--- Data supplied Enclosed Below ---
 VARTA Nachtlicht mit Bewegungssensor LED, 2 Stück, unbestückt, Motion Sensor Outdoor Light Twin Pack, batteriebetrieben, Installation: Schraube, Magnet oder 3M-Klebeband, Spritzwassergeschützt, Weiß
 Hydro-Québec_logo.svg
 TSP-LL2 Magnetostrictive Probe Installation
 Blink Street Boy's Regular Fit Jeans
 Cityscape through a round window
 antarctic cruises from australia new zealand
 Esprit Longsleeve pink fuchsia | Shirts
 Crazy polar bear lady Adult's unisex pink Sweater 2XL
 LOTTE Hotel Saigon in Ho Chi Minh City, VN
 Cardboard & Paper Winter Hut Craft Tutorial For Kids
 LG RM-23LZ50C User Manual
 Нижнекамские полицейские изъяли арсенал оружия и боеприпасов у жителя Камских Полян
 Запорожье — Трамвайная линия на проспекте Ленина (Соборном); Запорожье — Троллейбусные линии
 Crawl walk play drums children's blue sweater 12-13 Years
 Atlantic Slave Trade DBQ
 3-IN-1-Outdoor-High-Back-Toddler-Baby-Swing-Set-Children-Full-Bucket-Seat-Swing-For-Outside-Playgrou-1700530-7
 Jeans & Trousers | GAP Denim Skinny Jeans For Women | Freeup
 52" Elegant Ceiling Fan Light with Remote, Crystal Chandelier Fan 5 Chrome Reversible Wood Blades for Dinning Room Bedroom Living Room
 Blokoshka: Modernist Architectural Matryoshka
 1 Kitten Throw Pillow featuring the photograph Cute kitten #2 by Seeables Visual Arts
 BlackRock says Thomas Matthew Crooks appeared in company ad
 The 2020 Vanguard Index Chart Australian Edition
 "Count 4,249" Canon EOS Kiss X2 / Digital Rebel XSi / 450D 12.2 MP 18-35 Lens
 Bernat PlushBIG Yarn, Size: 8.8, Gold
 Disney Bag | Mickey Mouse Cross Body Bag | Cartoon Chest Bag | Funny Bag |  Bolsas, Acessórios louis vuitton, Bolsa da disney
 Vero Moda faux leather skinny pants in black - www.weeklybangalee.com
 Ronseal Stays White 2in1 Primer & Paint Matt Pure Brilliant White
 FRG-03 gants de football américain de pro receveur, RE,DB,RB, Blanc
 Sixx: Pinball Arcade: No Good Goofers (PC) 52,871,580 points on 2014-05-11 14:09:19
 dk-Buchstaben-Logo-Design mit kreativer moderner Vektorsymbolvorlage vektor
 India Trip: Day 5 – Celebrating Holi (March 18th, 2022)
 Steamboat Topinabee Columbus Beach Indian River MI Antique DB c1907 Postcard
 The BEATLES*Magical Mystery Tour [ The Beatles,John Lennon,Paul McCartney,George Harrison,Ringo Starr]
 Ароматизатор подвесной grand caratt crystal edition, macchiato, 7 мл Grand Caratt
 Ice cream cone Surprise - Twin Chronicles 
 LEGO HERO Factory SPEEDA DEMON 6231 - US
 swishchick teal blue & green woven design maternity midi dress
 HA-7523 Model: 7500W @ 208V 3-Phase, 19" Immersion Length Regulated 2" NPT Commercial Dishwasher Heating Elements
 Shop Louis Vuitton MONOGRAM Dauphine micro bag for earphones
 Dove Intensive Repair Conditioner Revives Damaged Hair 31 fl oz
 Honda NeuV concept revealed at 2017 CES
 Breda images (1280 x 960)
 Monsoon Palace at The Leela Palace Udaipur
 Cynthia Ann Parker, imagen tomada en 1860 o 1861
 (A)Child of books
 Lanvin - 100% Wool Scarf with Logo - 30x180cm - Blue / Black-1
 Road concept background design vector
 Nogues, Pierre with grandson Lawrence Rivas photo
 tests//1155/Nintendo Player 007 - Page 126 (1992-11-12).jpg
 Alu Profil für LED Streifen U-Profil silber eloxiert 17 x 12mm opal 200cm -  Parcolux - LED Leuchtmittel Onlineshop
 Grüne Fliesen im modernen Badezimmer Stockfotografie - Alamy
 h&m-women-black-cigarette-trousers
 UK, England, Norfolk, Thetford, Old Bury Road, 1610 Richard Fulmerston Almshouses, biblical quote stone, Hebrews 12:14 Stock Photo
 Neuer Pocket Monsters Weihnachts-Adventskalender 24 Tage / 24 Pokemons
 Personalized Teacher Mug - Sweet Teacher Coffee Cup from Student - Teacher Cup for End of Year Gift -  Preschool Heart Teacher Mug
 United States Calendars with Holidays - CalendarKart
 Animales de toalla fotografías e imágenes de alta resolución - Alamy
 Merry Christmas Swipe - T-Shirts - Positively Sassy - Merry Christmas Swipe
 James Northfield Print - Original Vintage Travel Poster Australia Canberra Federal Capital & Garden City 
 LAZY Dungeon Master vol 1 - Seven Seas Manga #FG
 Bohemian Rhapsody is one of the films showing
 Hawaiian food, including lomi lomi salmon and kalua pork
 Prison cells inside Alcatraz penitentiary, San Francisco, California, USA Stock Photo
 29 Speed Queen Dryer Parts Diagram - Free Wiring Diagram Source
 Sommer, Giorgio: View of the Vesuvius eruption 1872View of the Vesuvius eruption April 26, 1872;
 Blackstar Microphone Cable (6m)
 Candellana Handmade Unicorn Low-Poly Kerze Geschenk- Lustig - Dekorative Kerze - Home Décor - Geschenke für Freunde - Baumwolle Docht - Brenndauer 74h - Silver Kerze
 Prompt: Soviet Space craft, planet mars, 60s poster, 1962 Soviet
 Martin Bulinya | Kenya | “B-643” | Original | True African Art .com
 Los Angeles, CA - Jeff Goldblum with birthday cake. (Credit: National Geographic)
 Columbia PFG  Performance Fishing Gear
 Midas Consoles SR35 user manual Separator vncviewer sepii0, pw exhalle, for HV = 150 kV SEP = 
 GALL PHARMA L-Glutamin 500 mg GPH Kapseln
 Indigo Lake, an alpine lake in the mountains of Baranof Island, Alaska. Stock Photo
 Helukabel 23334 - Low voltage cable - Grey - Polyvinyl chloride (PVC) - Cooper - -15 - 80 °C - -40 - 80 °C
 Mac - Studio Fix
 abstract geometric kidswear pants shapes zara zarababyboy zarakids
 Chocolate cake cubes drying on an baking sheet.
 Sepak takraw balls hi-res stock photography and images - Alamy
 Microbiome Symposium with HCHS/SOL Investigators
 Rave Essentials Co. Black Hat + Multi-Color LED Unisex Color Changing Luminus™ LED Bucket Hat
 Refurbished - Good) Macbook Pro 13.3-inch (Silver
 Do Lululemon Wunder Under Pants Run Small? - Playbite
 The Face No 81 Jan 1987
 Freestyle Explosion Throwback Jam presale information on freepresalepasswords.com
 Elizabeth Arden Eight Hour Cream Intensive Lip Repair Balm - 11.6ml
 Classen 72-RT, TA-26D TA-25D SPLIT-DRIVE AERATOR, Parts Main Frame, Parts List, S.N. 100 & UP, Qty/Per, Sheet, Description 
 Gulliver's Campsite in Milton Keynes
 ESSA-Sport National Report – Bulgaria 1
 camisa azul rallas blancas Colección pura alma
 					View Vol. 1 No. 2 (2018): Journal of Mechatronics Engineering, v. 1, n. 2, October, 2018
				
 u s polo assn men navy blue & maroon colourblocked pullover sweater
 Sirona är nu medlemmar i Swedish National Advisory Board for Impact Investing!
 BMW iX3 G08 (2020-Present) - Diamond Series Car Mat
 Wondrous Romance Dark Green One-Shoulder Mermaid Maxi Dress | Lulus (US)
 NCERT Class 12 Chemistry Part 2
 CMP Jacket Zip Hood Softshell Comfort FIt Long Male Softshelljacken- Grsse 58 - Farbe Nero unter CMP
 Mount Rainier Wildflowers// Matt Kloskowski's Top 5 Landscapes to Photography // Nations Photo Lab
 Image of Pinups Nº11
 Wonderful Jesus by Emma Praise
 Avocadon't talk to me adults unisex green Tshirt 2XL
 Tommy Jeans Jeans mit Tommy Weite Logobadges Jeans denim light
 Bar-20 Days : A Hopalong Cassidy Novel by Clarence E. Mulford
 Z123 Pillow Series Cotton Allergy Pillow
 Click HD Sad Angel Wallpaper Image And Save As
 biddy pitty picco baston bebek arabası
--- End of Enclosed Data supplied ---
◆ Task brief ◆
Repeat exactly the lines of the records from the one containing "Sirona är nu" to the last, and include no line outside that stretch.

◆ Solution ◆
 Sirona är nu medlemmar i Swedish National Advisory Board for Impact Investing!
 BMW iX3 G08 (2020-Present) - Diamond Series Car Mat
 Wondrous Romance Dark Green One-Shoulder Mermaid Maxi Dress | Lulus (US)
 NCERT Class 12 Chemistry Part 2
 CMP Jacket Zip Hood Softshell Comfort FIt Long Male Softshelljacken- Grsse 58 - Farbe Nero unter CMP
 Mount Rainier Wildflowers// Matt Kloskowski's Top 5 Landscapes to Photography // Nations Photo Lab
 Image of Pinups Nº11
 Wonderful Jesus by Emma Praise
 Avocadon't talk to me adults unisex green Tshirt 2XL
 Tommy Jeans Jeans mit Tommy Weite Logobadges Jeans denim light
 Bar-20 Days : A Hopalong Cassidy Novel by Clarence E. Mulford
 Z123 Pillow Series Cotton Allergy Pillow
 Click HD Sad Angel Wallpaper Image And Save As
 biddy pitty picco baston bebek arabası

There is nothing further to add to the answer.